DentMix VPS Impression Material is an addition-reaction base/catalyst polyviny/siloxane dental impression material intended as an alternative to traditional alginate materials. It is available in regular set and fast set. Both are available in light body, regular body/monophase and heavy body.
The provided document describes the substantial equivalence determination for the "DentMix VPS Impression Material" (K223892) by comparing it to a predicate device, "Elements™" (K151150). The acceptance criteria are based on meeting or exceeding the performance of the predicate device across various physical properties, typically measured against recognized standards like ISO 4823-2015.

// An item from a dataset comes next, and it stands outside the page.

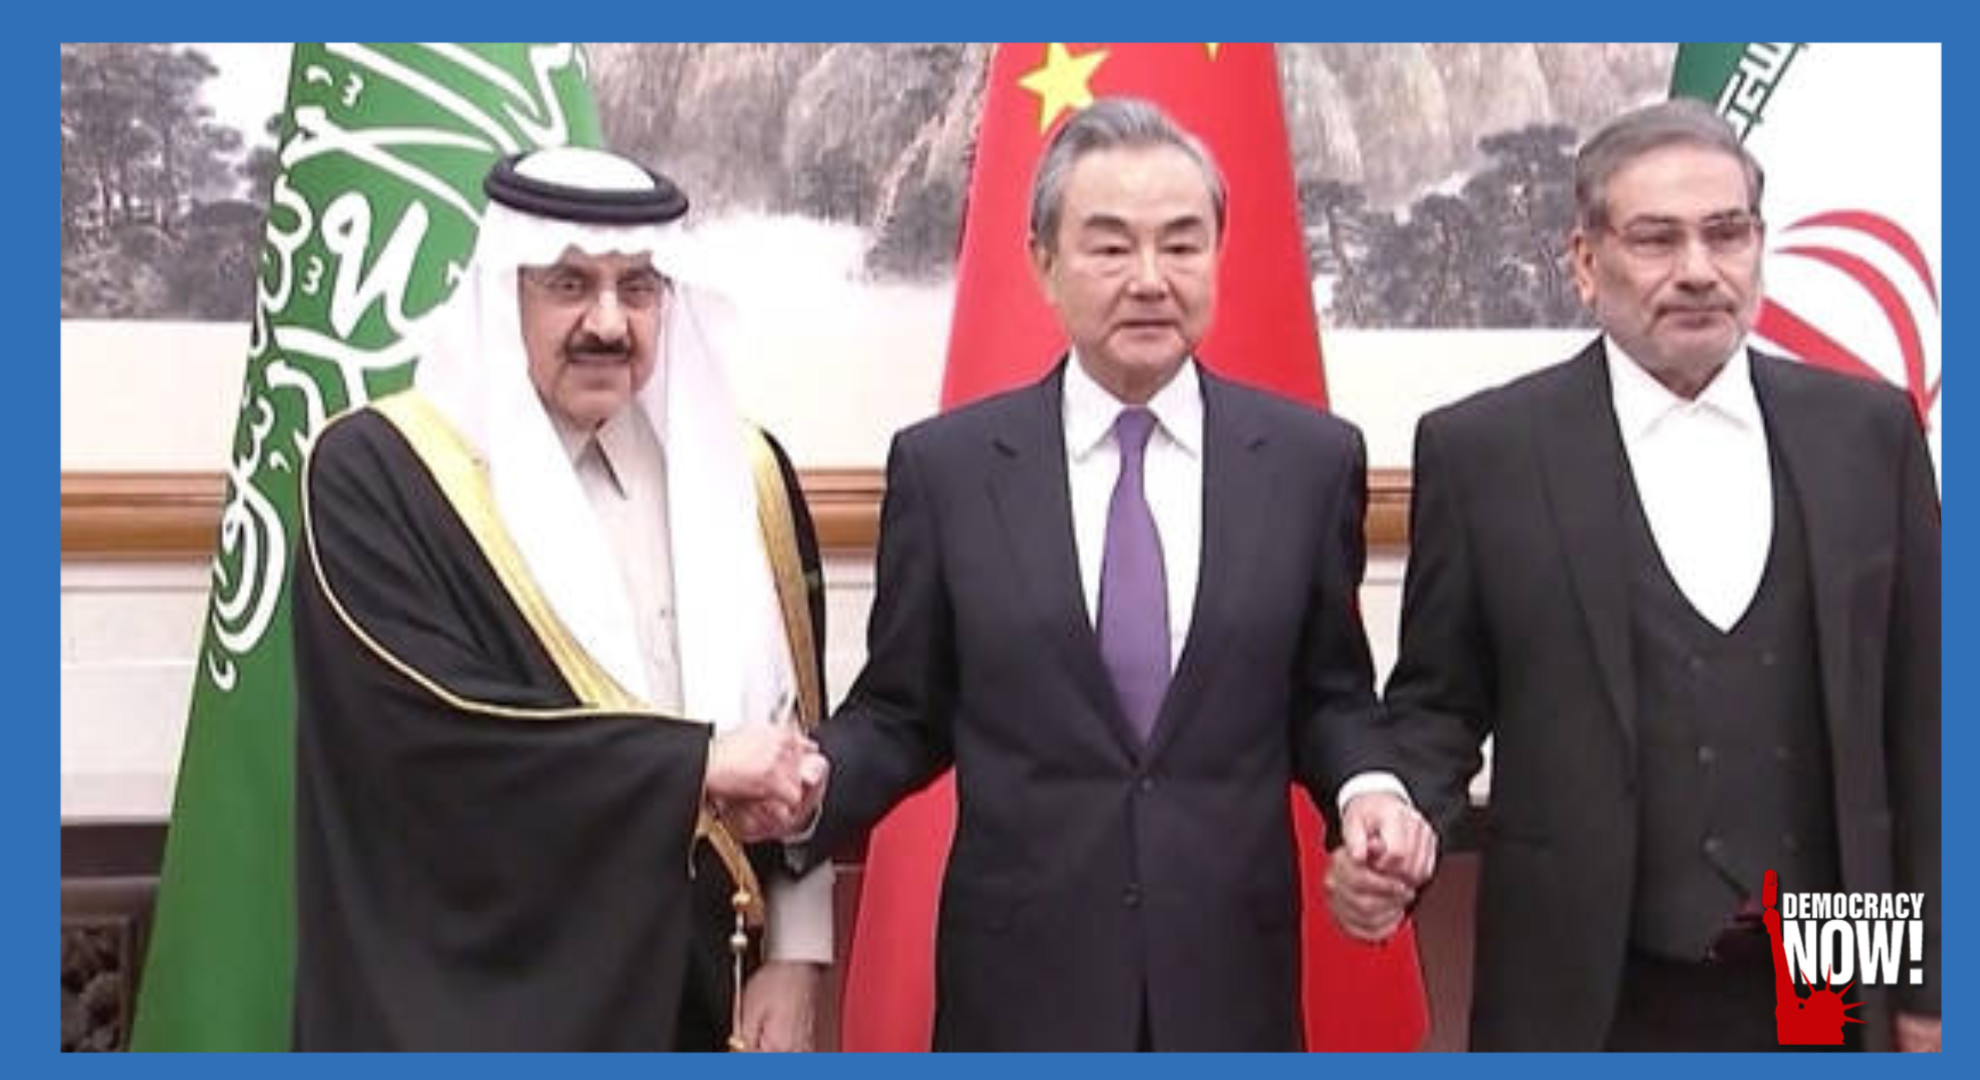 China’s Middle East Deal: Iran & Saudi Arabia Reestablish Relations as U.S. Watches from Sidelines
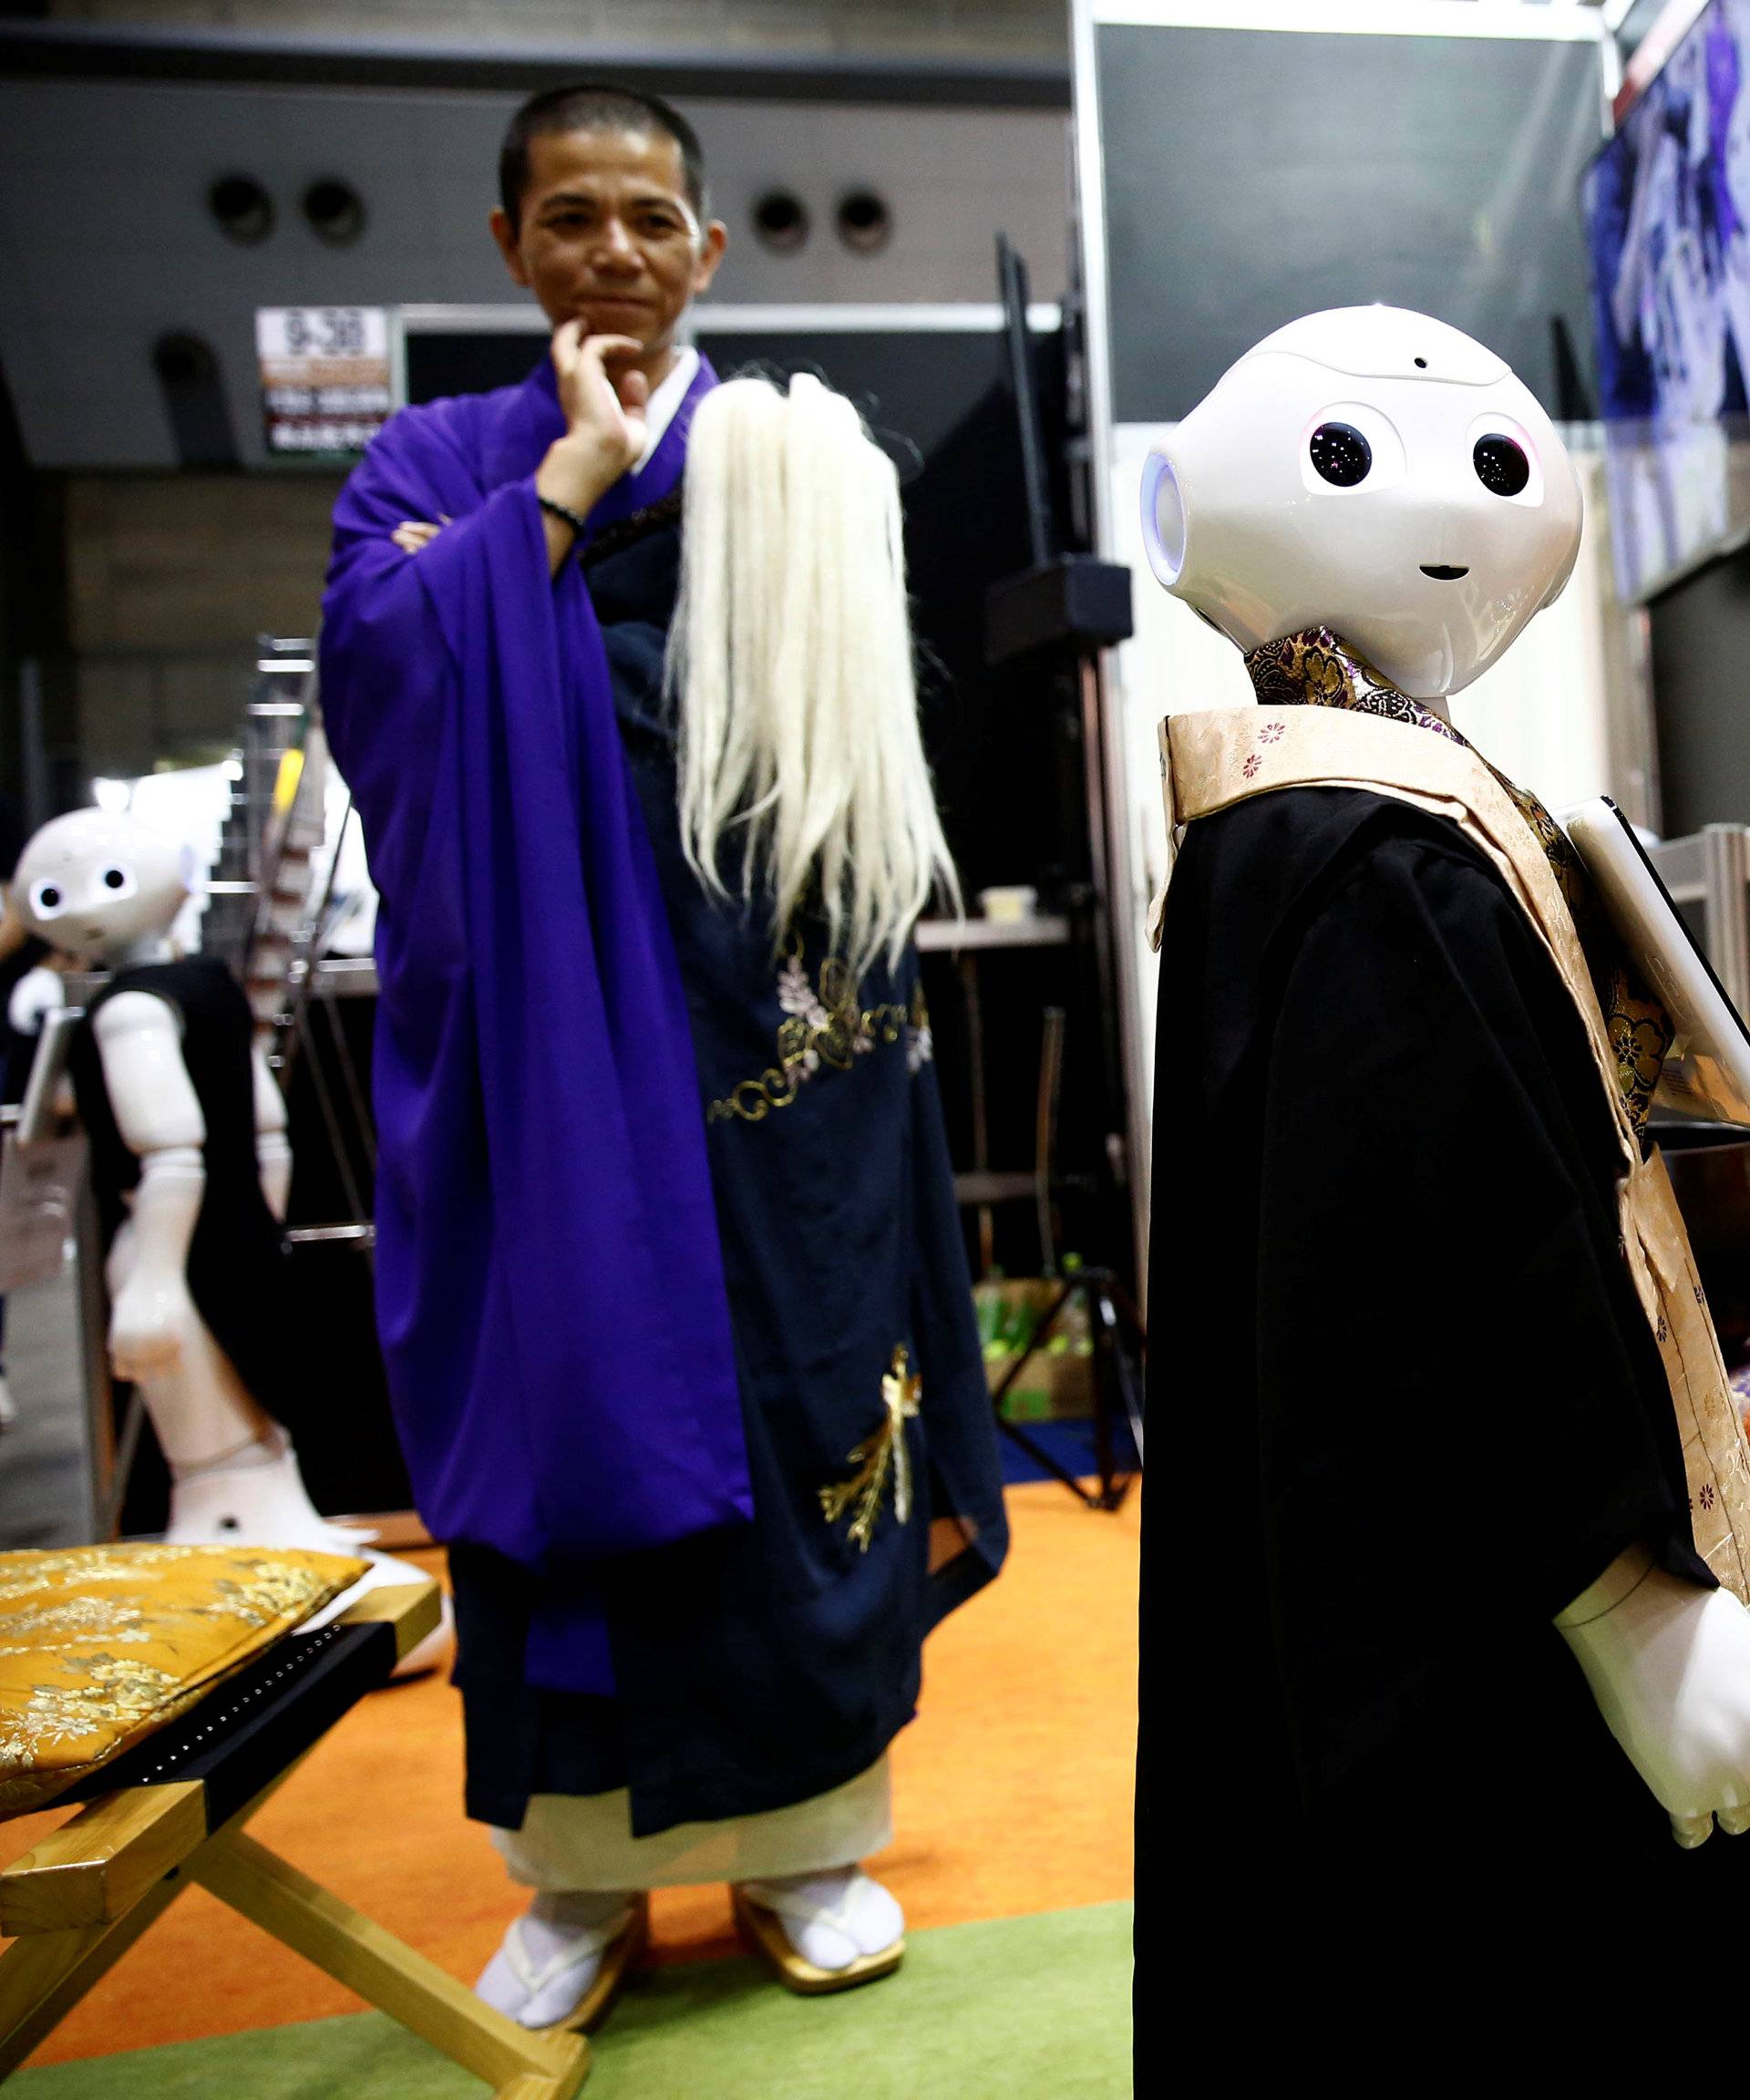 A Buddhist monk looks at a 'robot priest' wearing a Buddhist robe during its demonstration at Life Ending Industry EXPO 2017 in Tokyo

Here's the breakdown of the information requested:
Acceptance Criteria and Device Performance
A direct table of "acceptance criteria" is not explicitly stated as distinct from the predicate device's performance. Instead, the study aims to show that the subject device performs at least as well as the predicate device. Therefore, the predicate device's performance serves as the de facto acceptance benchmark.
Acceptance Criteria (Predicate Performance) | Reported Device Performance (DentMix VPS Impression Material) |
---|---|
Consistency | |
Heavy Body: 31mm | Heavy Body: 32mm |
Monophase: 35mm | Monophase: 35mm |
Light Body: 39mm | Light Body: 40mm |
Working Time (Regular Set) | |
Heavy Body: 2'30" | Heavy Body: 2'34" |
Monophase: 2'30" | Monophase: 2'12" |
Light Body: 2'30" | Light Body: 2'37" |
Working Time (Fast Set) | |
Heavy Body: 1'30" | Heavy Body: 1'16" |
Monophase: 1'30" | Monophase: 1'23" |
Light Body: 1'30" | Light Body: 1'21" |
Detail Reproduction | PASS |
Linear Dimensional Change | |
Heavy Body: 0.14% (0.01) | Heavy Body: 0.14% (0.01) |
Monophase: 0.05% (0.02) | Monophase: 0.05% (0.02) |
Light Body: 0.08% (0.02) | Light Body: 0.08% (0.02) |
Compatibility with Gypsum | PASS |
Elastic Recovery | |
Heavy Body: 99.7 (0.1) | Heavy Body: 99.1 (0.2) |
Monophase: 99.6 (0.3) | Monophase: 99.1 (0.3) |
Light Body: 99.8 (0.1) | Light Body: 98.9 (0.1) |
Strain-In-Compression | |
Heavy Body: 2.85 (0.1) | Heavy Body: 2.54 (0.8) |
Monophase: 3.67 (0.13) | Monophase: 3.61 (0.4) |
Light Body: 4.93 (0.1) | Light Body: 5.91 (1.6) |
Note on "Acceptance Criteria": For each of these properties, the acceptance criterion implicitly is that the DentMix VPS Impression Material is functionally equivalent to or performs within an acceptable range compared to the predicate device, often guided by the ISO 4823-2015 standard. "PASS" explicitly indicates meeting a standard. For numerical values, the goal is typically to be similar or better.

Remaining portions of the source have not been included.